Using the OpenGL feature flag fixes the performance issue completely, so thank you for that! :

= OPENGL ==== FRAME 554 @ 9.20s === 60.2 fps === 2.54ms = 14.87ms idle ===

    22446 primitives

   DrawIndexedTriangles |      899µs |     256 | ################
   SetTransform         |      507µs |     517 | #########
   CreateRenderTarget   |      368µs |       2 | ######
   DrawFrameBuffer      |      137µs |       1 | ##
   CreateVertex2DBuffer |       70µs |       1 | #
   DrawTriangles        |       52µs |       1 |
   Clear                |       25µs |       1 |
   FreeTexture          |       21µs |       2 |
   UseShader            |       12µs |       2 |
   RenderToFrameBuffer  |       10µs |       2 |
   BlendMode            |        8µs |       4 |
   FreeRenderTarget     |        8µs |       2 |
   SelectRenderTarget   |        7µs |       2 |
   ShowFrameBuffer      |        0µs |       1 |

    |
    |#   ####         ####     ###
    ||###|||| ||||||||||||||||||||
    ||||||||||||||||||||||||||||||
    ||||||||||||||||||||||||||||||
    ||||||||||||||||||||||||||||||
    ||||||||||||||||||||||||||||||
    ||||||||||||||||||||||||||||||
    ||||||||||||||||||||||||||||||
    ||||||||||||||||||||||||||||||

With regard to WGPU. I tried bounce, bounce_sprites, texture_spin and texture_sprites. One interesting thing I noticed is that the drawing becomes fluid if the window is made sufficiently small. However, intel_gpu_top does not report 100% utilisation when the window is maximised, nor does the GPU utilisation change for certain (Render/3D engine utilisation sticks to the 20-40 range) when the window size is reduced.

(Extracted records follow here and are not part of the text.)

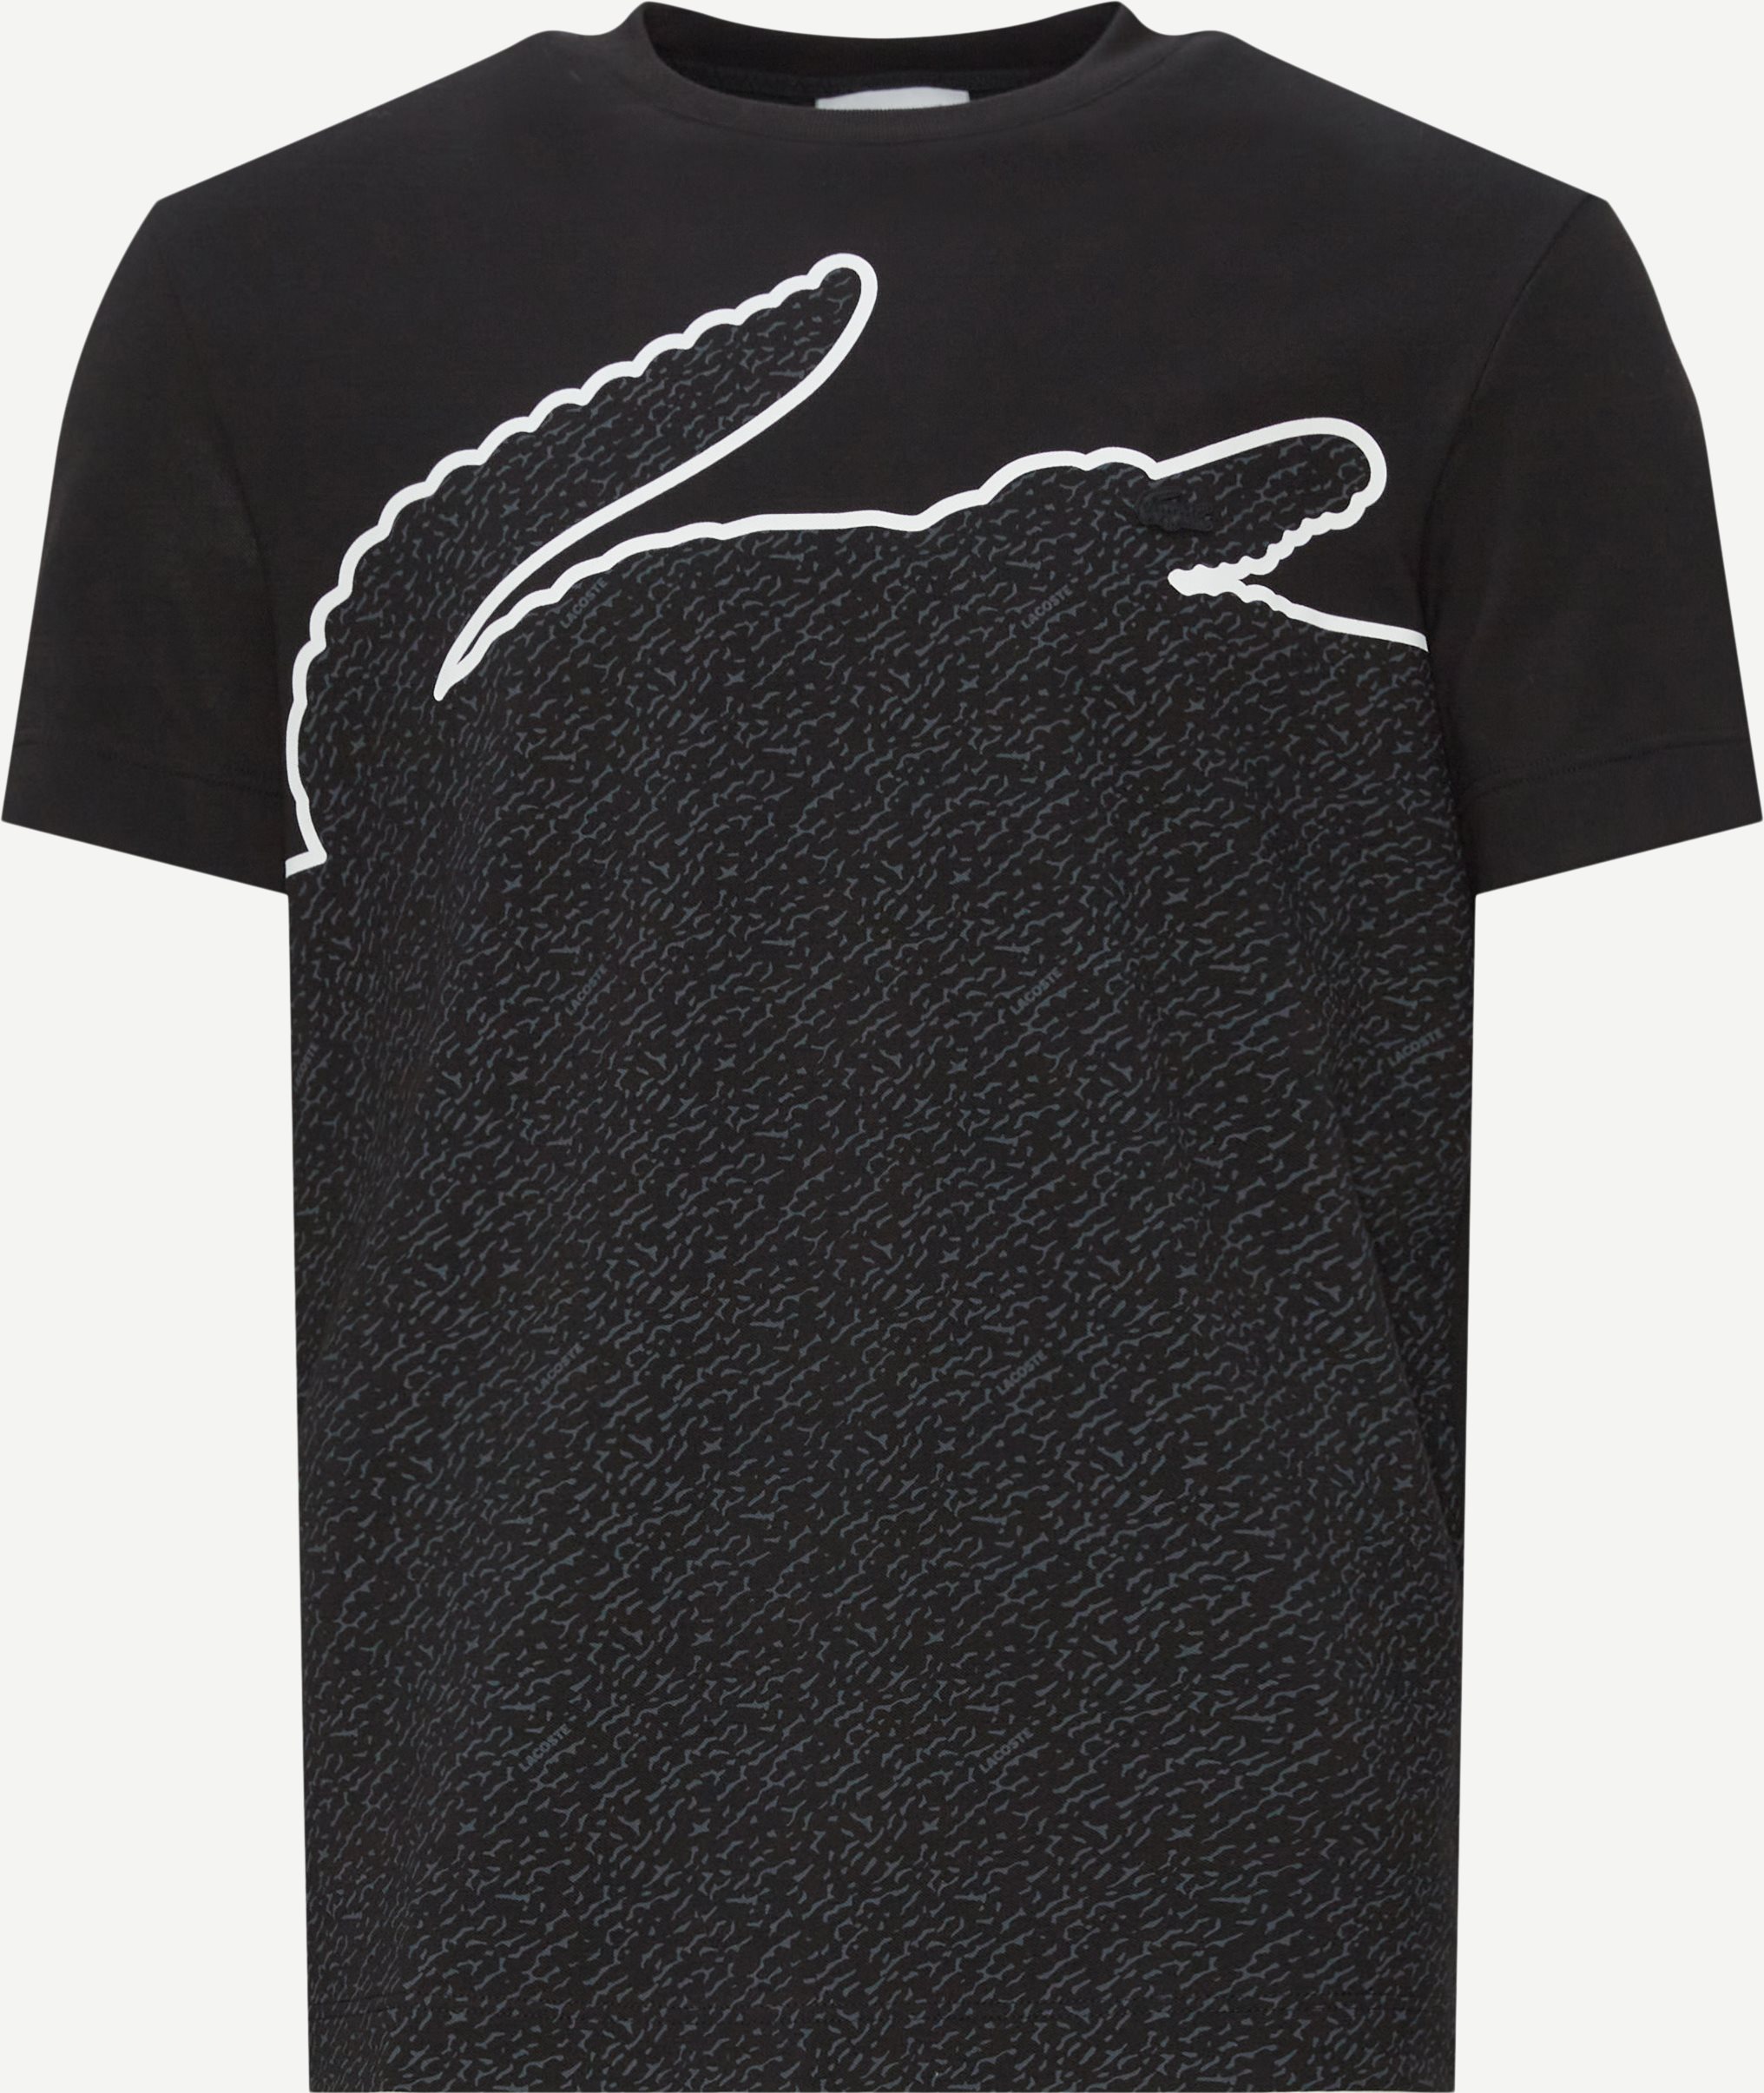 Pique Blend T-shirt - T-shirts - Regular fit - Black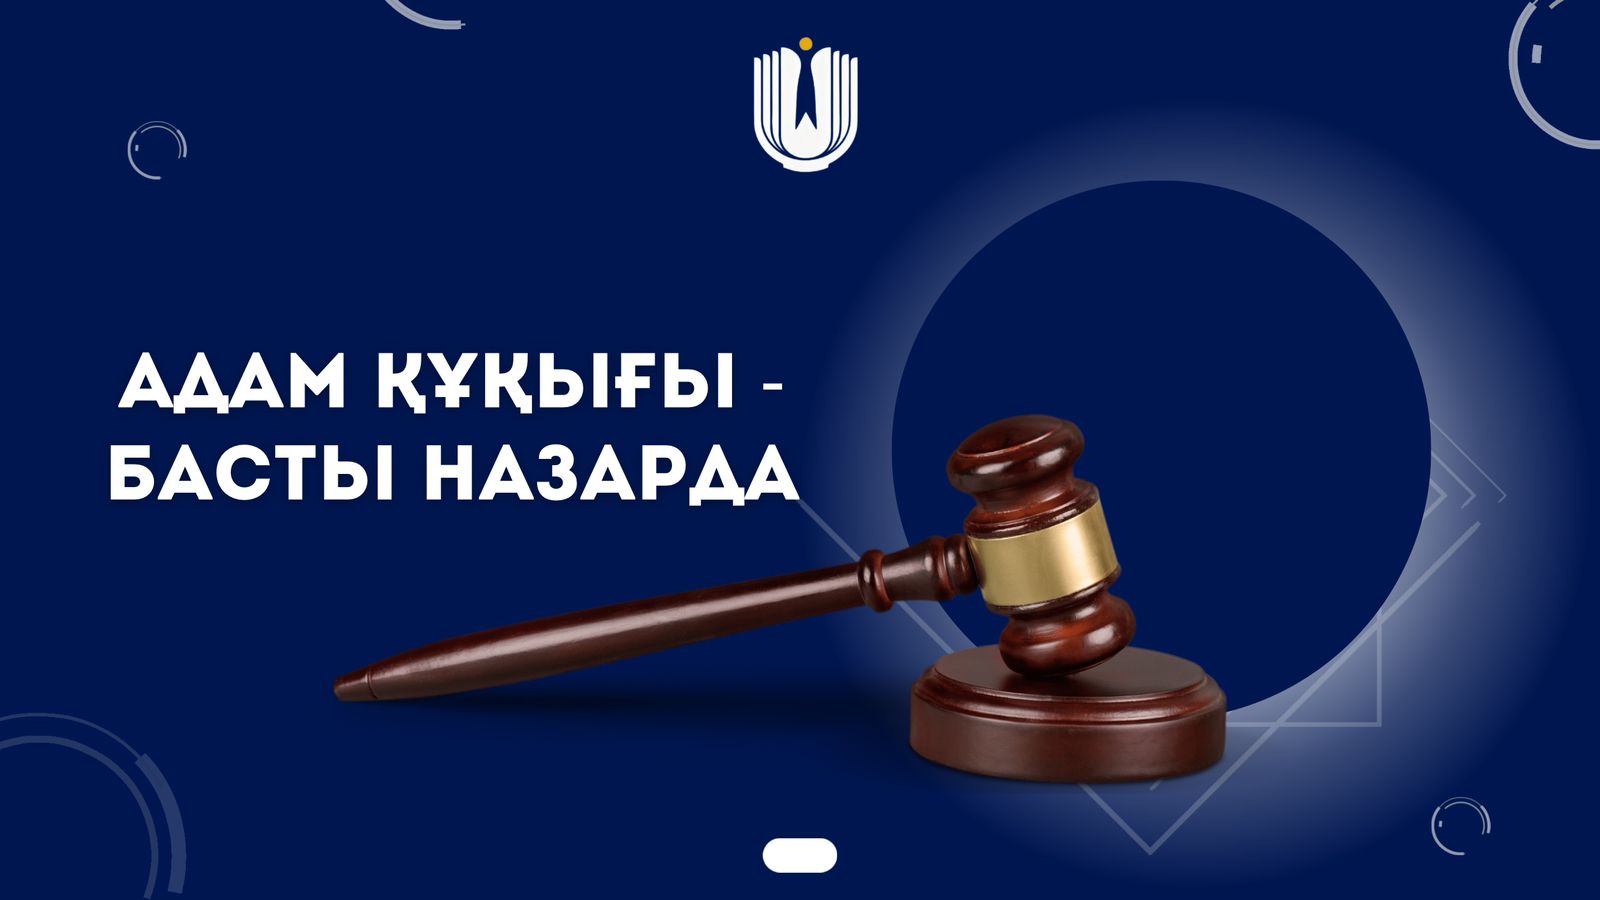 Представителем Уполномоченного по правам человека по Павлодарской области пресечен факт жестокого обращения в уголовно-исполнительном учреждении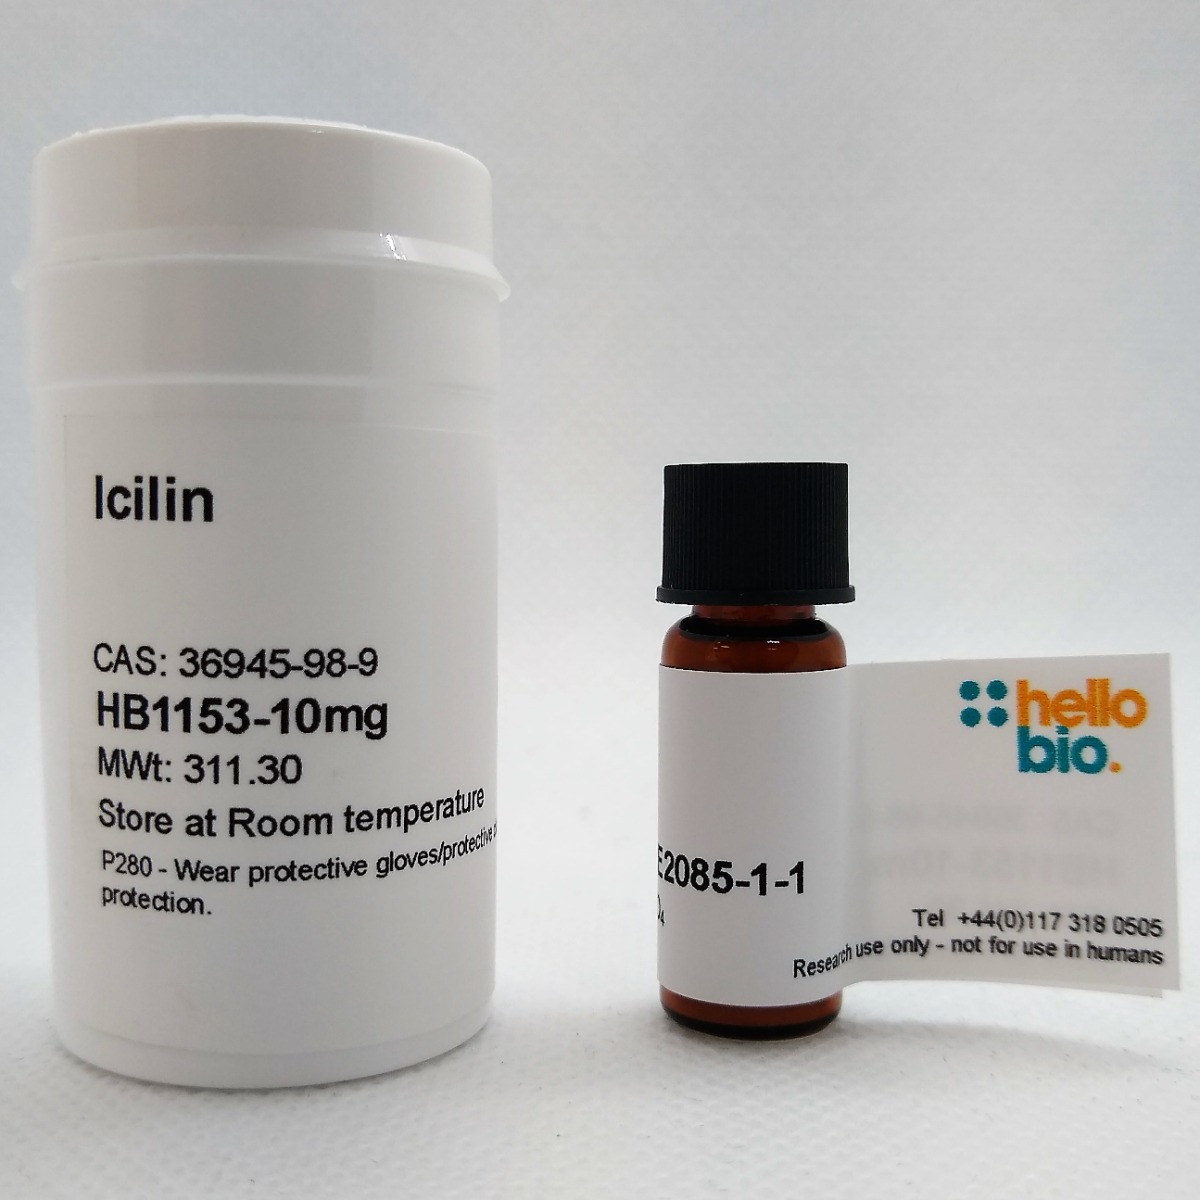 Icilin product vial image | Hello Bio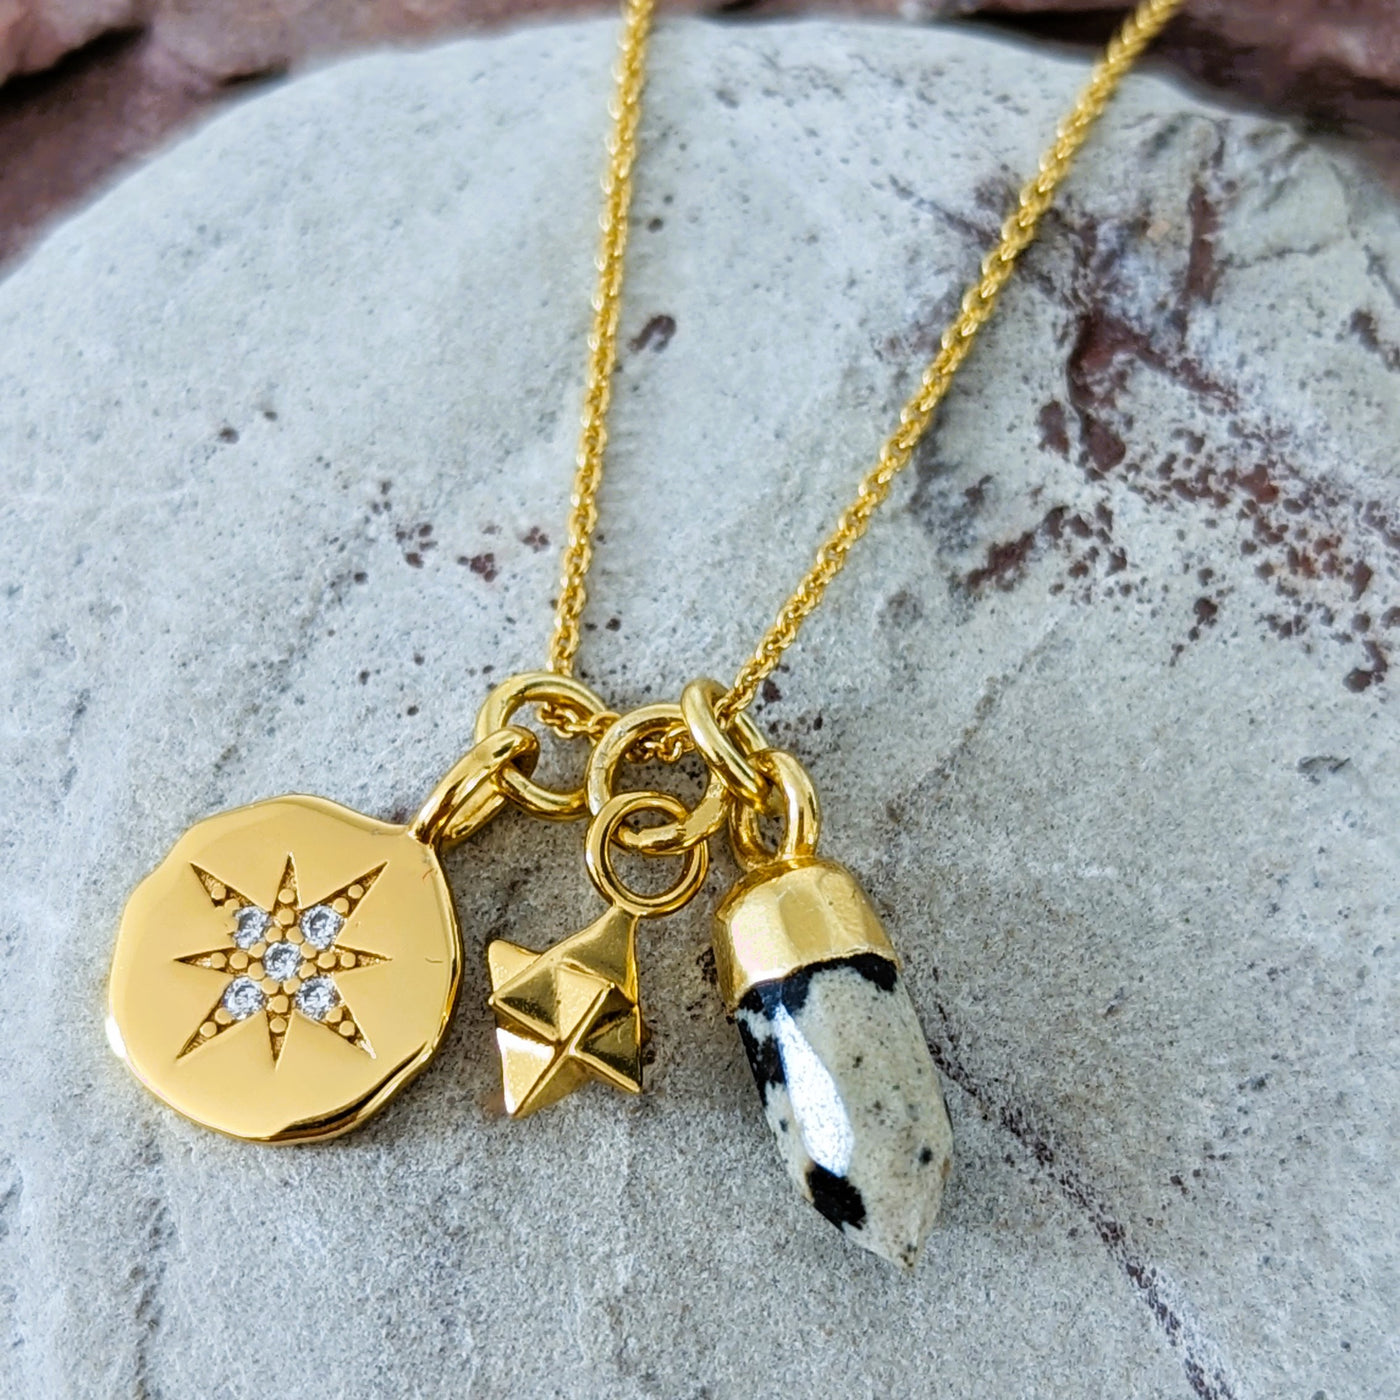 gold trio charm dalmatian jasper pendant necklace

= WGPU ==== FRAME 976 @ 21.99s === 45.4 fps === 71.80ms = 0.41ms idle ===

    6 primitives

   CreateRenderTarget   |    41783µs |       2 | ################
   SelectRenderTarget   |    29185µs |       1 | ###########
   Clear                |      254µs |       1 |
   RenderToFrameBuffer  |      154µs |       1 |
   CreateVertex2DBuffer |       20µs |       1 |
   DrawTriangles        |        2µs |       1 |
   BlendMode            |        0µs |       2 |
   SetTransform         |        0µs |       2 |
   UseShader            |        0µs |       1 |

    |
    |    #                       #
    |    #                       #
    |    #     #   #           # #
    |  # #     #   #           # #
    |  # #     #   #           # #
    |  # ##    ##  #  #  # ##  # #
    |  # ##    ##  #  #  # ##  # #
    |  # ##    ##  #  #  # ##  # #
    |  ####   ###  #  #  ####  # #
actuday6418 commented 2 years ago

Issue with WGPU still exists, but closing cause OpenGL works.